Last year in December, Sacramento’s Capital Stage struck box office gold with “Miss Bennet: Christmas at Pemberly” — a recently-written comedy-romance involving new episodes for the characters created by novelist Jane Austen in her 1813 classic “Pride and Prejudice.”
Now the company is presenting a second installment in what seems to be emerging as a series of well-written holiday plays with “The Wickhams: Christmas at Pemberly.”
The setting is Pemberly, a lovely estate in the English countryside, where we meet the very capable and efficient Mrs. Reynolds. She's supremely well-organized — if slightly dowdy — head servant who knows everything that goes on in the house, and upholds her considerable duties with tact and discretion.
Mrs. Reynolds: “Mrs. Darcy, you must never apologize for high standards. Have a biscuit.”
Mrs. Darcy: “Pemberly would crumble in a week without you."
Mrs. Reynolds: "Please don’t mention it again, ma’am. Praise slows me down."
Veteran actress Stephanie McVay is simply brilliant in this role. And those tasty orange biscuits that Mrs. Reynolds bakes become an ongoing sight gag, as character after character quietly gravitates to the cookie jar and steals a few of the treats.
Then there’s the newly-hired servant Cassie, a resourceful young woman from a working class background, who clearly is wise beyond her years.
Cassie: “I didn’t come here looking for someone to take care of me. I don’t need that and I don’t want it.”
Brian: “What is it that you want, then?”
Cassie: “I want books, and tea, and time to enjoy them. I want my own room, and my own bed. I want to live without worry for once in my life, with security that lasts beyond and odd job for a week…”
Need I add that Cassie is destined for romance, even if she doesn’t know it yet?
And then there’s Mr. Wickham, a charming ne’er-do-well of modest financial means, who has a penchant for landing in trouble.
Mr. Wickham: “I have to beg. That is what life is for the rest of us who weren’t born the rich son of a rich man. You know nothing of hardship, so you nothing of hard work.”

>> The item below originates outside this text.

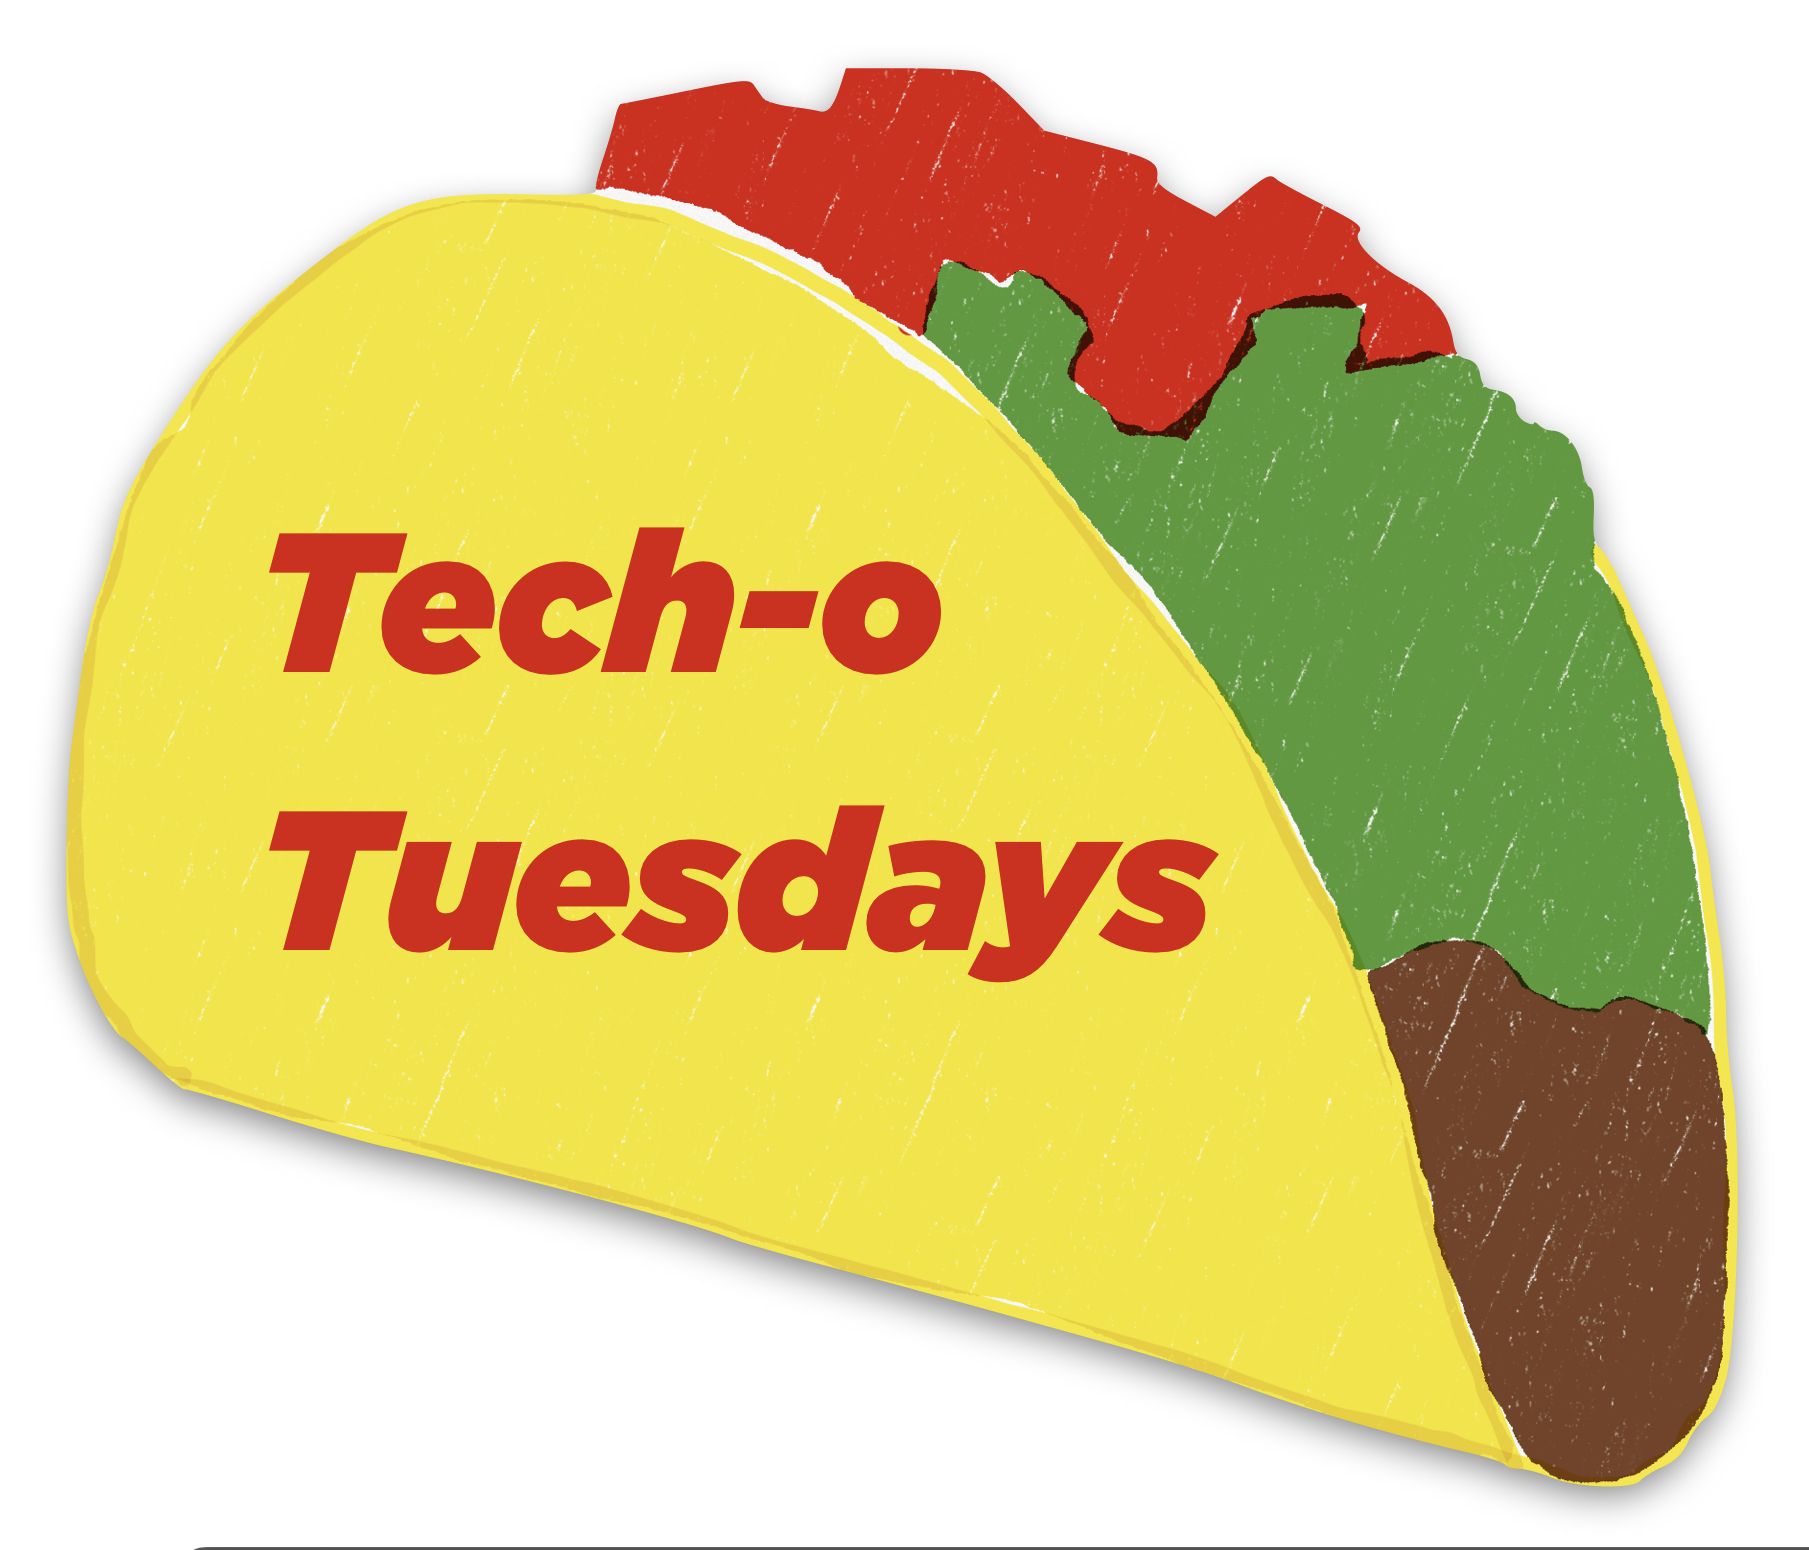 A painting of a taco with Techo-Tuesdays written on it.

Mr. Darcy: "You have never worked in your life. You have stolen, deceived…"
Mr. Wickham: " I have survived."
Mr. Darcy: "Yes, to the chagrin of us all."
Mix these elements with the chaotic-yet-festive atmosphere of a big formal house during the holiday season, plus a purloined letter that Mr. Wickham is desperate to recover. There are also elegant period costumes and atmospheric background music recalling the early 1800s. And there’s nimble stagecraft from director Peter Mohrmann, and heads-up performances from the ample cast.
And yes, the actor playing Mr. Darcy is none other than Rob Salas, who has directed a string of notable shows at the Davis Shakespeare Festival. Stepping into the onstage role of Mr. Darcy, Salas proves that he’s a worthy performer as well.
"The Wickhams: Christmas at Pemberly” continues through December 29 at Capital Stage in Sacramento.